Coupling, Attractiveness and Hydrodynamics for Conservative Particle Systems

TL;DR

This paper develops a comprehensive framework for attractiveness and hydrodynamics in generalized conservative particle systems, extending coupling methods beyond simple exclusion to models with multiple particle jumps.

Contribution

It provides necessary and sufficient conditions for attractiveness in multi-particle jump models and constructs coupled processes with non-increasing discrepancies.

Findings

Characterization of attractiveness conditions for generalized misanthrope models

Construction of coupled processes with non-increasing discrepancies

Derivation of hydrodynamic limits for specific models

Abstract

Attractiveness is a fundamental tool to study interacting particle systems and the basic coupling construction is a usual route to prove this property, as for instance in simple exclusion.
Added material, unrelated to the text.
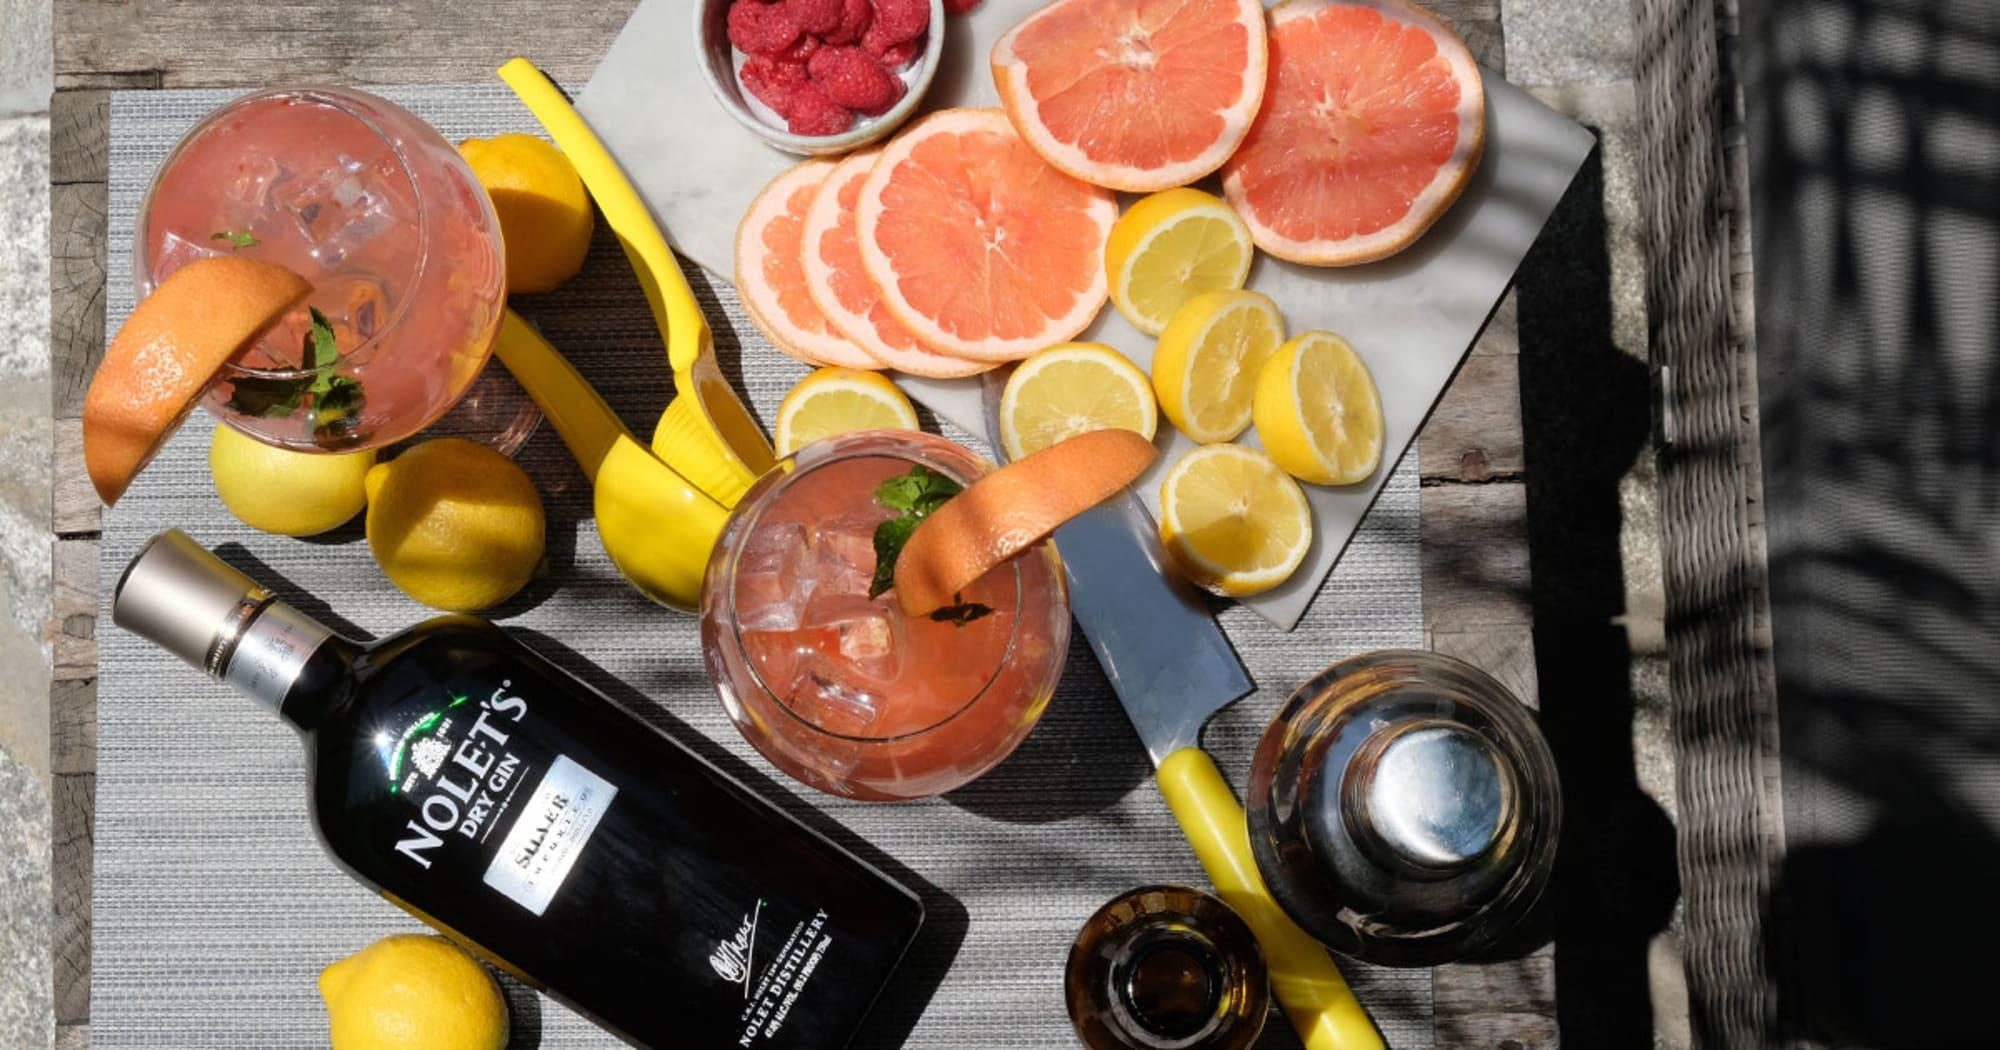 NOLET's Silver gin cocktails celebrate modern, fruity, fresh flavors

The derived Markovian coupled process $(\xi_t,\zeta_t)_{t\geq 0}$ satisfies: (A) if $\xi_0\leq\zeta_0$ (coordinate-wise), then for all $t\geq 0$, $\xi_t\leq\zeta_t$ a.s. In this paper, we consider generalized misanthrope models which are conservative particle systems on $\Z^d$ such that, in each transition, $k$ particles may jump from a site $x$ to another site $y$, with $k\geq 1$. These models include simple exclusion for which $k=1$, but, beyond that value, the basic coupling construction is not possible and a more refined one is required. We give necessary and sufficient conditions on the rates to insure attractiveness; we construct a Markovian coupled process which both satisfies (A) and makes discrepancies between its two marginals non-increasing. We determine the extremal invariant and translation invariant probability measures under general irreducibility conditions. We apply our results to examples including a two-species asymmetric exclusion process with charge conservation (for which $k\le 2$) which arises from a Solid-on-Solid interface dynamics, and a stick process (for which $k$ is unbounded) in correspondence with a generalized discrete Hammersley-Aldous-Diaconis model. We derive the hydrodynamic limit of these two one-dimensional models.